The effect of the moratorium proclaimed on 6th August last, so far as rent is concerned, may be expressed as follows:—

  1. 1. The moratorium does not apply unless the contract, lease, or agreement under which the rent arises was made before 4th August last.
  2. 2. If the contract, lease, or agreement was made before 4th August last, the moratorium applies only to a liability for unpaid rent, which, when incurred, exceeded £5, and which is due and payable before 4th September next.
  3. 3. The effect of the moratorium, when it applies, is to make rent which was payable on or before 4th August payable on 4th September, and to make rent which would have been payable on some date between 4th August and 4th September to be payable one month later than the dale when it was originally due.
  4. 4. Distress for rent is a way of recovering rent that is payable; consequently the moratorium, by postponing date of payment, thereby postpones the date of any right to distrain. The remedy of distress will be further affected by the Courts (Emergency Powers) Bill introduced yesterday.

96. Sir J. D. REES

asked the Attorney-General who has to bear the costs of an action brought during the operation of the moratorium, when the defendant is entitled to the benefits thereof and tenders the amount claimed prior to the expiration of the moratorium or of any extension thereof?


The case put by the hon. Gentleman appears to be governed by the ordinary rule that a plaintiff who does not succeed in his action is liable to pay the costs.

105. Mr. LEACH

asked the Chancellor of the Exchequer if it is the intention of the Government to extend the operation of moratorium beyond the 4th of September?

The CHANCELLOR of the EXCHEQUER (Mr. Lloyd George)

I can at present add nothing to my statement of yesterday.

107. Mr. WING

asked the Chancellor of the Exchequer if he will extend the moratorium to mortgages on property, in view of the effect of threatened notice of withdrawals?

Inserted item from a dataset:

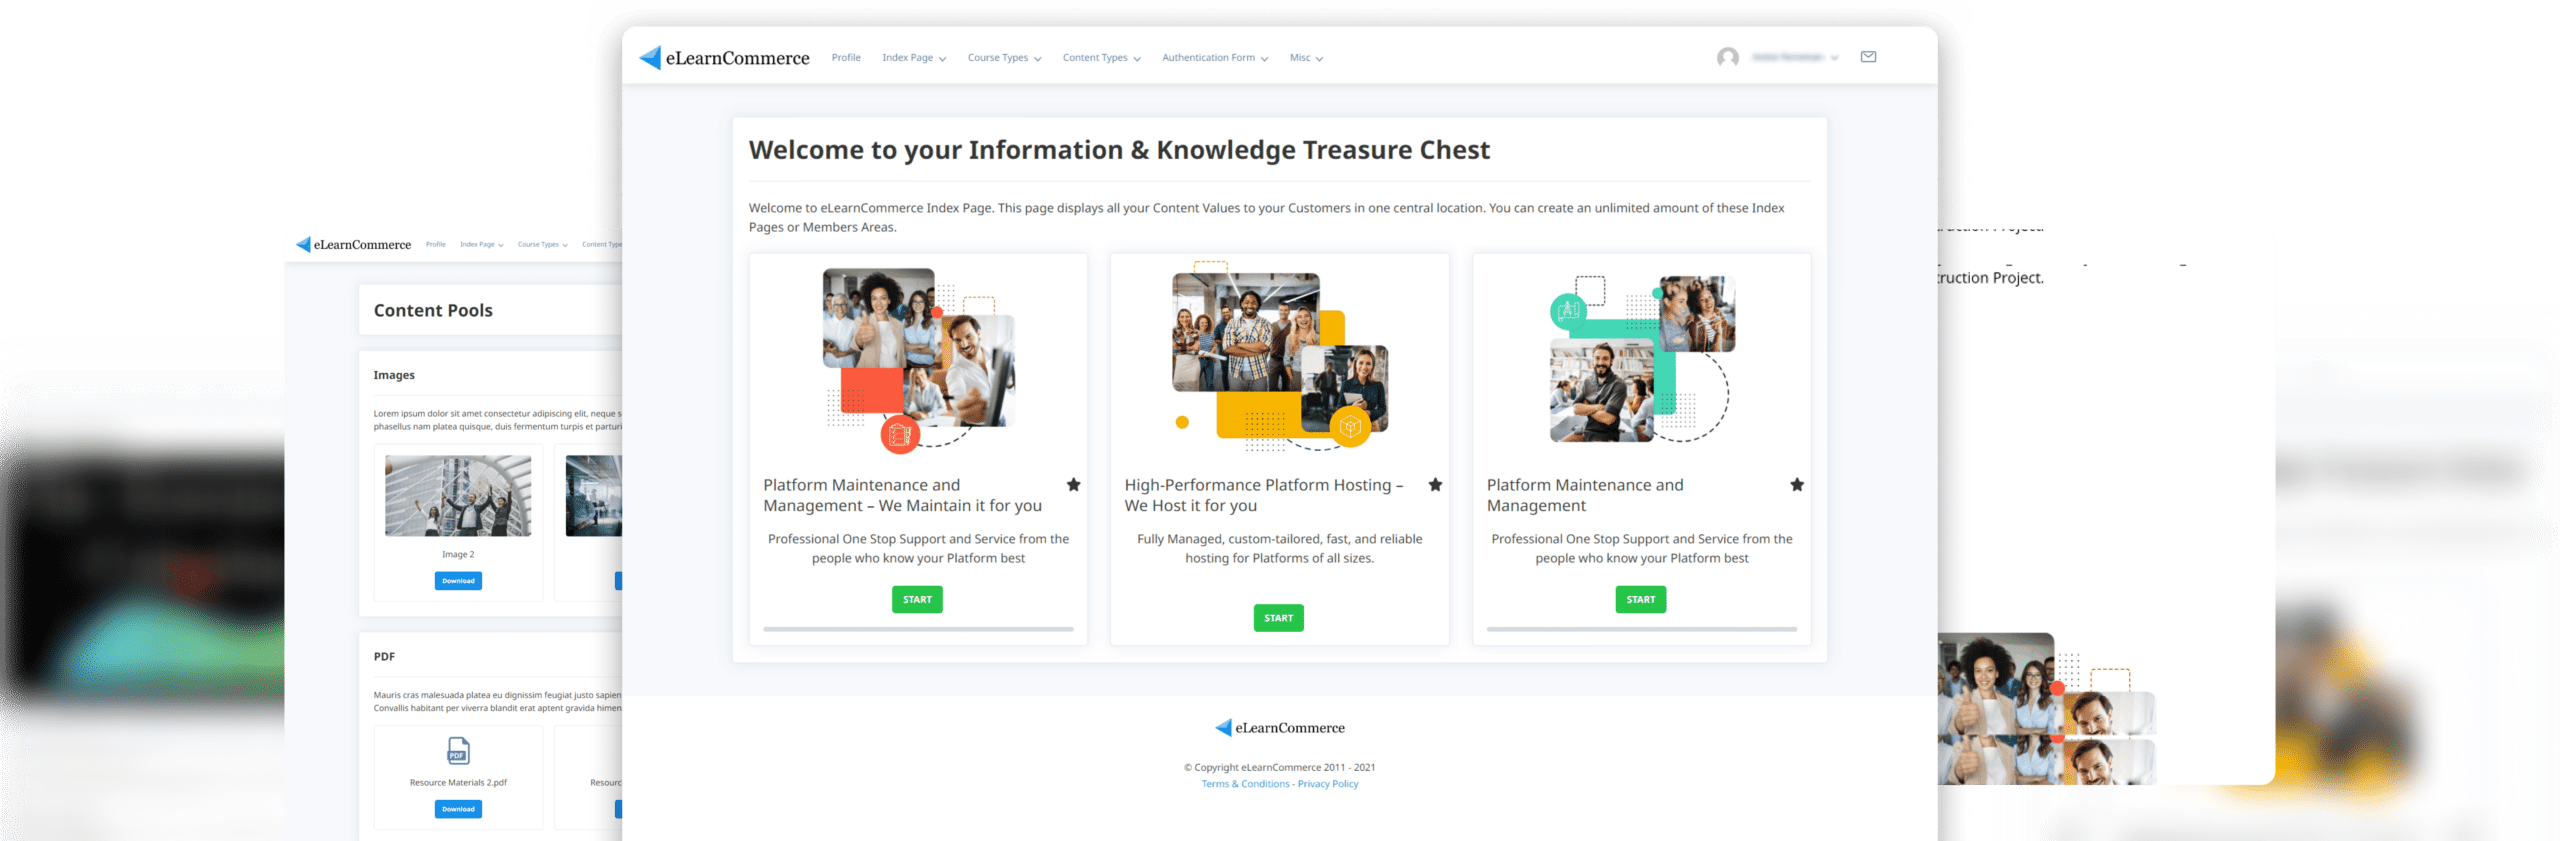 elearncommerce under overview image

The hon. Member will find that the matter is fully dealt with in the Bill I have introduced in connection with the enforcement of processes for the recovery of debts. The Bill deals with foreclosure and the realisation of securities.

110. Mr. LOUGH

asked the Chancellor of the Exchequer whether the Government are negotiating with the bankers to extend the present moratorium, the object of which is mainly to protect them against responsibilities accruing out of business with foreign countries; whether he is aware that in many cases the banks, while themselves taking full advantage of this measure, are restricting the facilities to British merchants for carrying on their foreign business even with non-belligerent countries; and, if so, whether he will make it a condition of any fresh guarantees or arrangements that the bankers will continue all reasonable facilities as hitherto granted to traders?


I have been in communication with the banks and others in connection with these matters, and I hope that the arrangements made will prove satisfactory. For the moment I can add nothing to what I stated yesterday on this matter.

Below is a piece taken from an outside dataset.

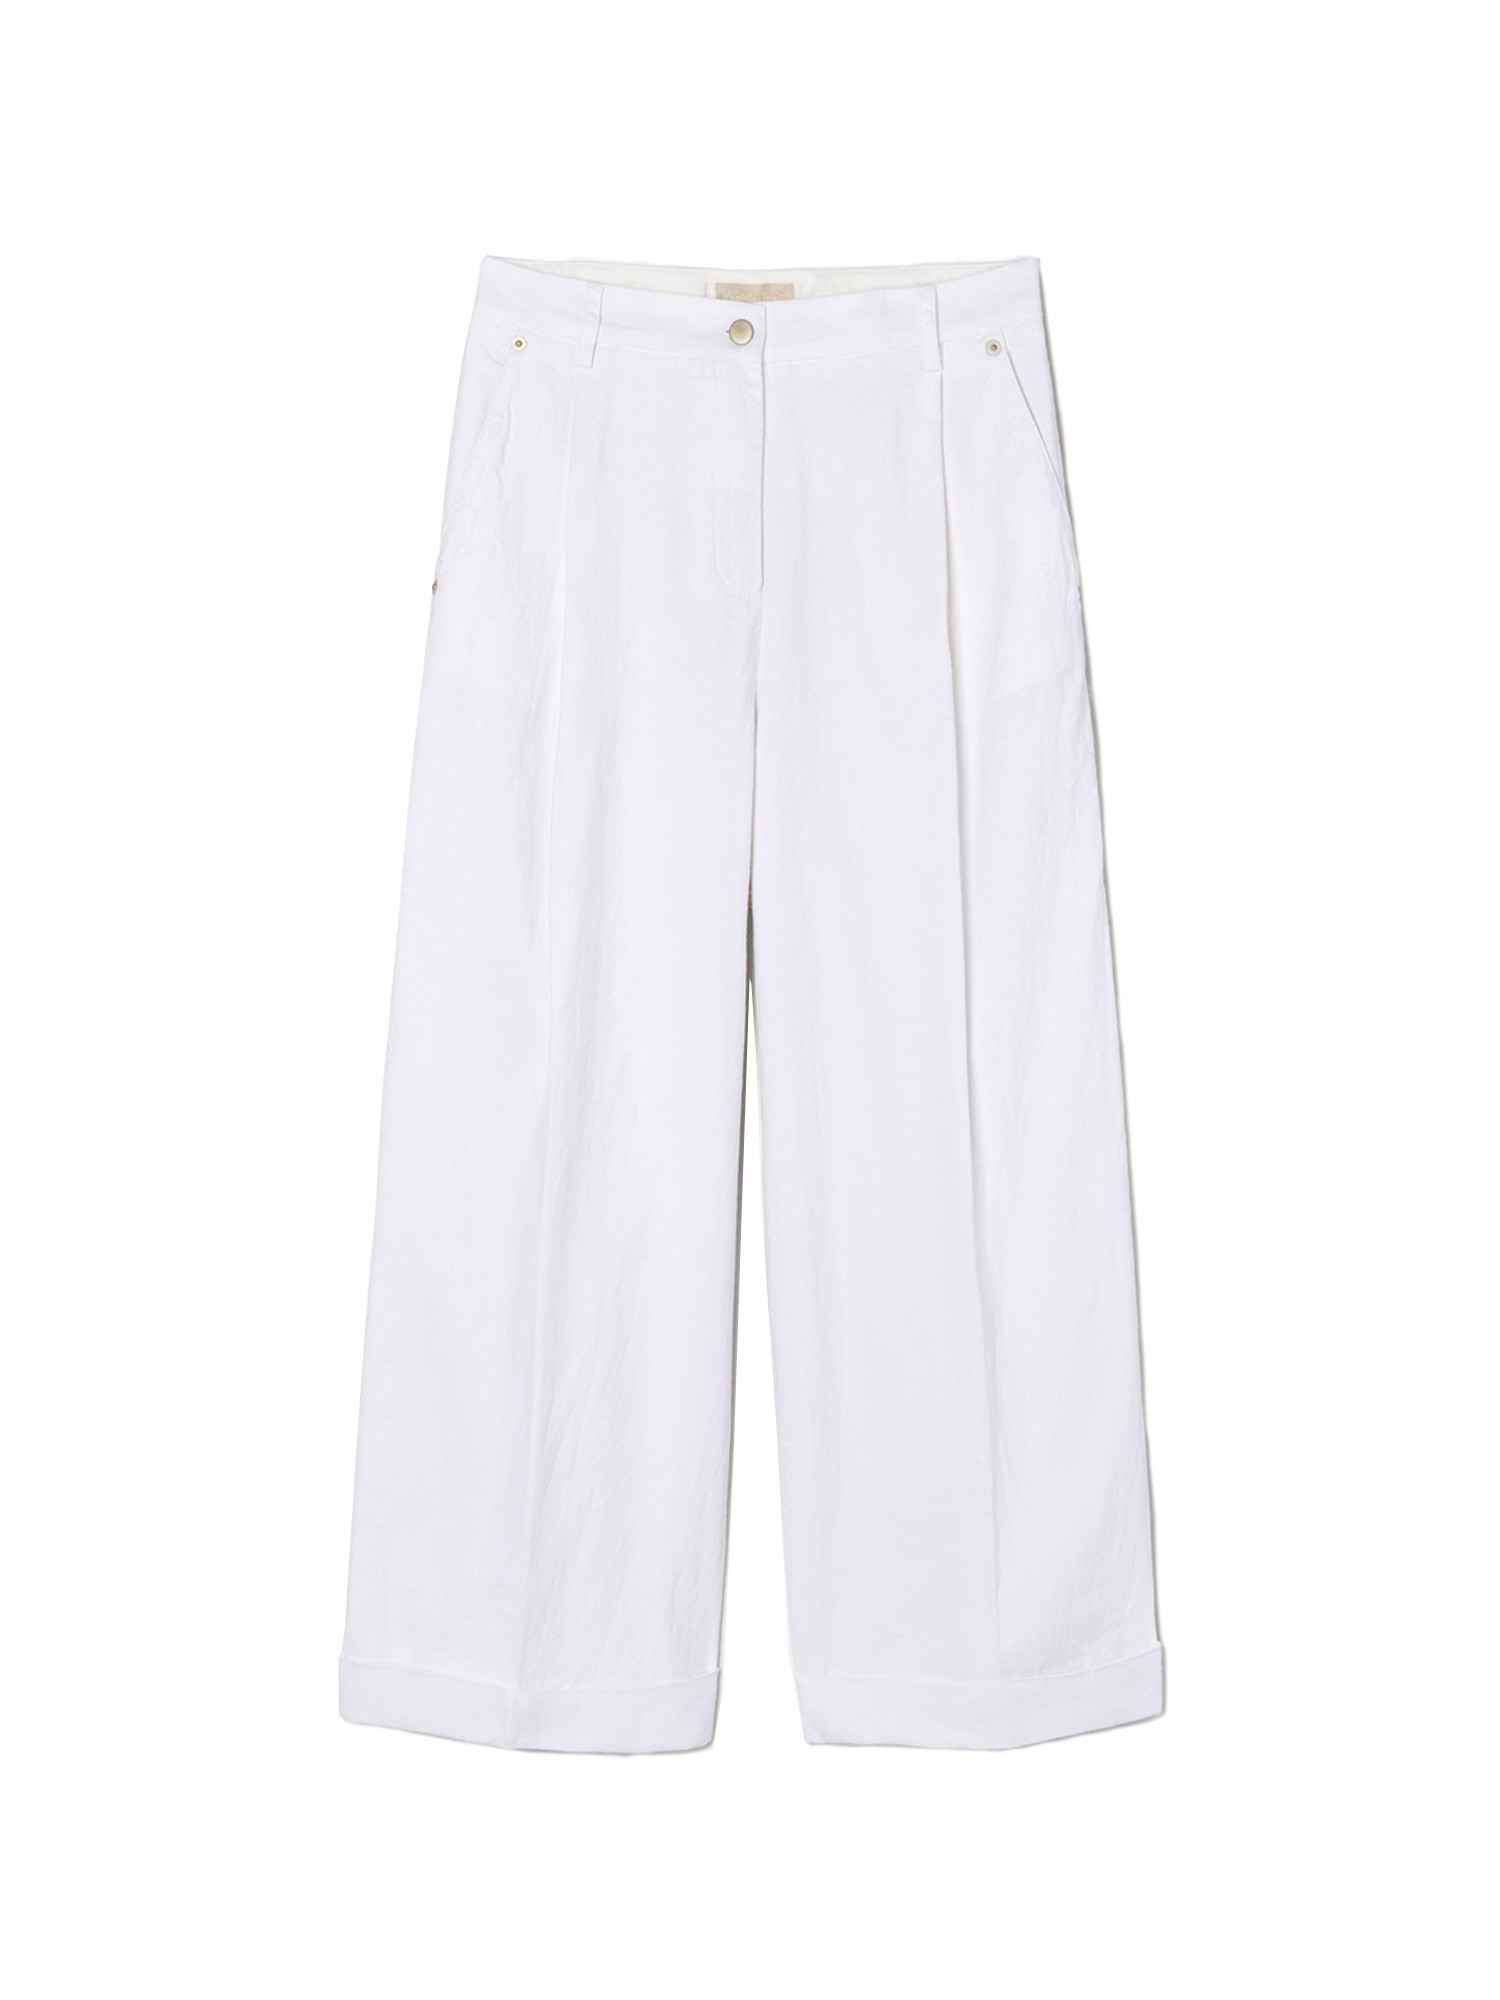 Momonì - Grecale pants in light stretch denim, White, large image number 0

asked the Chancellor of the Exchequer if, in view of the fact that rent is subject to moratorium, he will consider the desirability of extending the moratorium to rates in all cases where the owner of property who is receiving no rent is liable for rates?

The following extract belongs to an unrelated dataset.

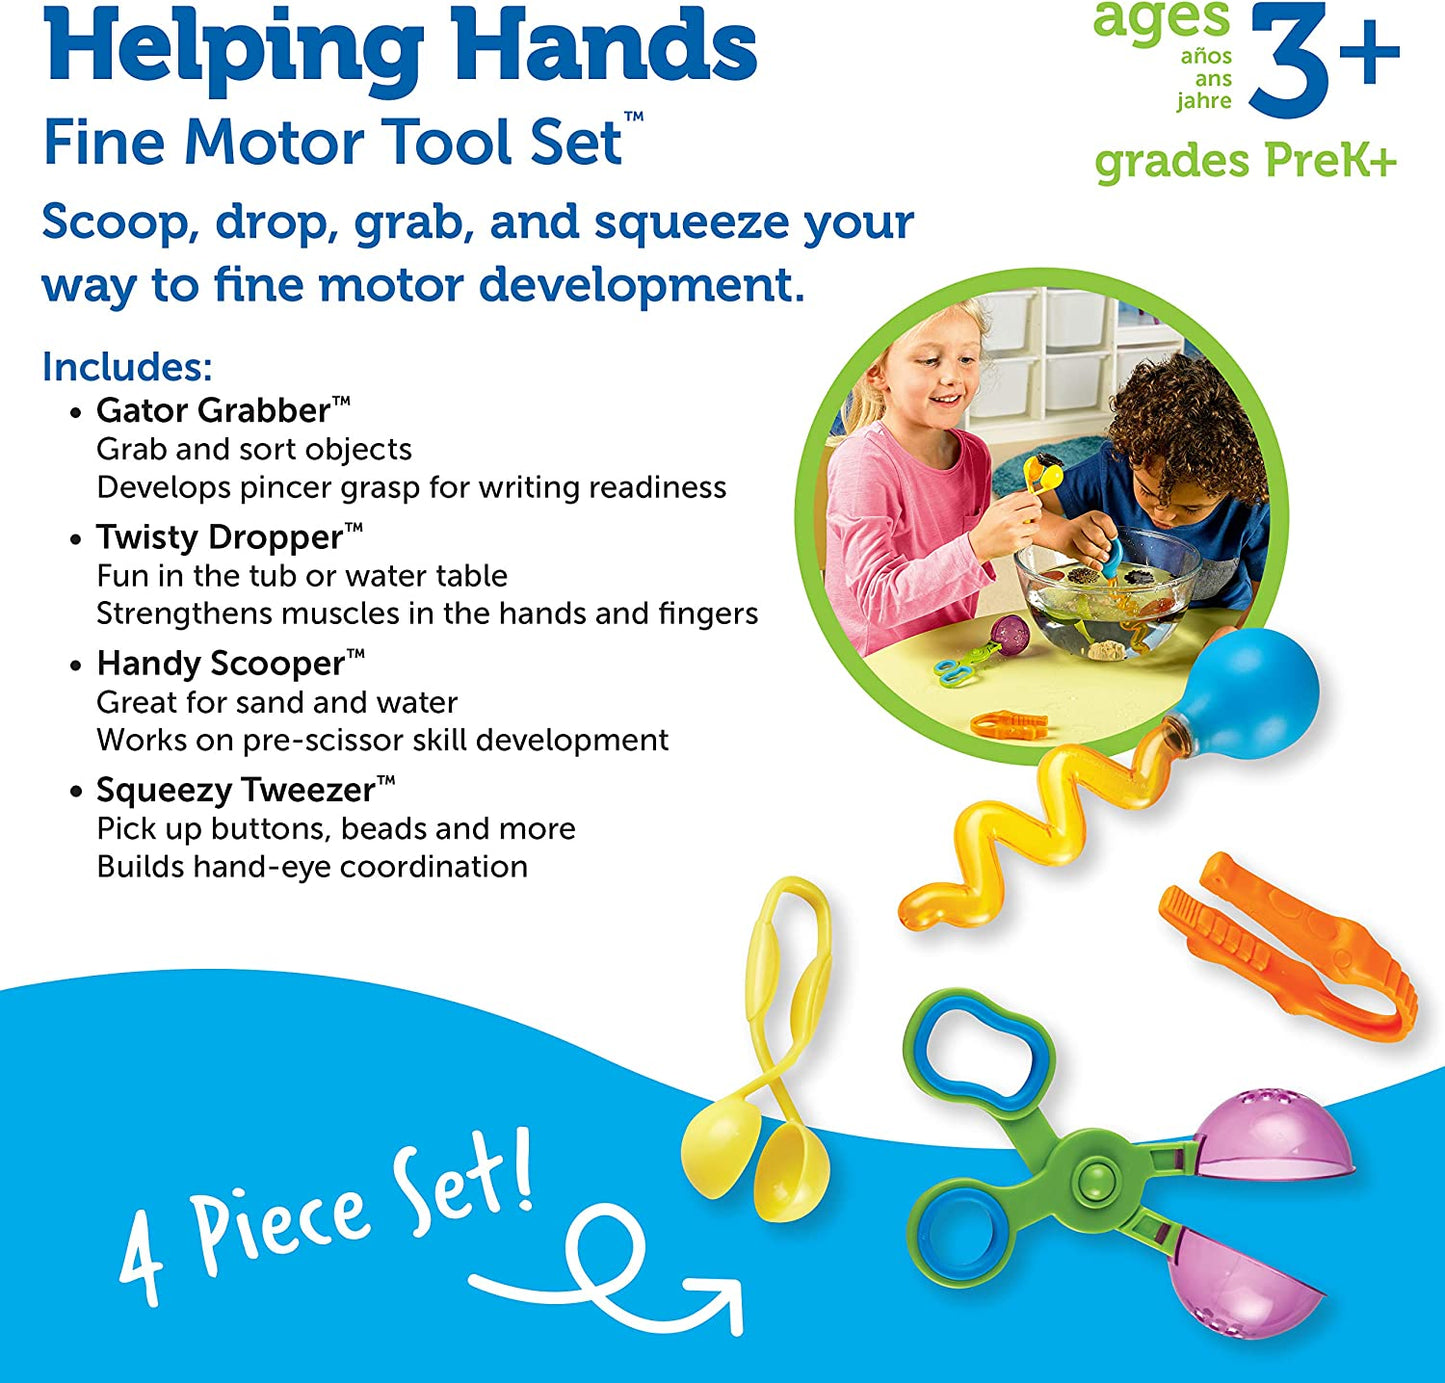 Helping Hands Fine Motor Tool Set | Learning and Exploring Through Play

I think that powers given to Courts by the Courts (Emergency Powers) Bill, which I introduced yesterday, enabling processes for the recovery of debts (including, amongst other things, payments on account of rates) to be postponed at the absolute discretion of the Court, will prove a better method of dealing with the case put than an extension of the moratorium.

114. Sir J. D. REES

asked the Chancellor of the Exchequer whether any and, if so, what steps will be taken to relieve the importers of foreign and colonial raw produce such as cotton, jute, seeds, hides, etc., who have at the expiry of the moratorium to pay the drafts of the shippers drawn against produce which has since been confiscated and for which they receive no payment, so that ruin confronts them and those firms and persons concerned with their solvency if the moratorium ends before normal conditions are reestablished; whether relief for those merchants who import goods for use not only in this country but also in Continental countries is necessary to the continued existence of many of our home industries; and whether such merchants will receive support in view of the fact that the outbreak of war caught them with goods already in the hands of enemies whose acceptances, though now worthless, nevertheless continue to mature, with goods in British vessels in enemy ports and in enemy ships in neutral ports, and with goods in British possessions sold for shipment to what are now enemy countries with which contracts are cancelled?


I feel that it would be premature at present to make any statement as to what action the Government may consider necessary at the expiry of the moratorium, but I can assure the hon. Member that this and all other questions then arising will be most carefully considered.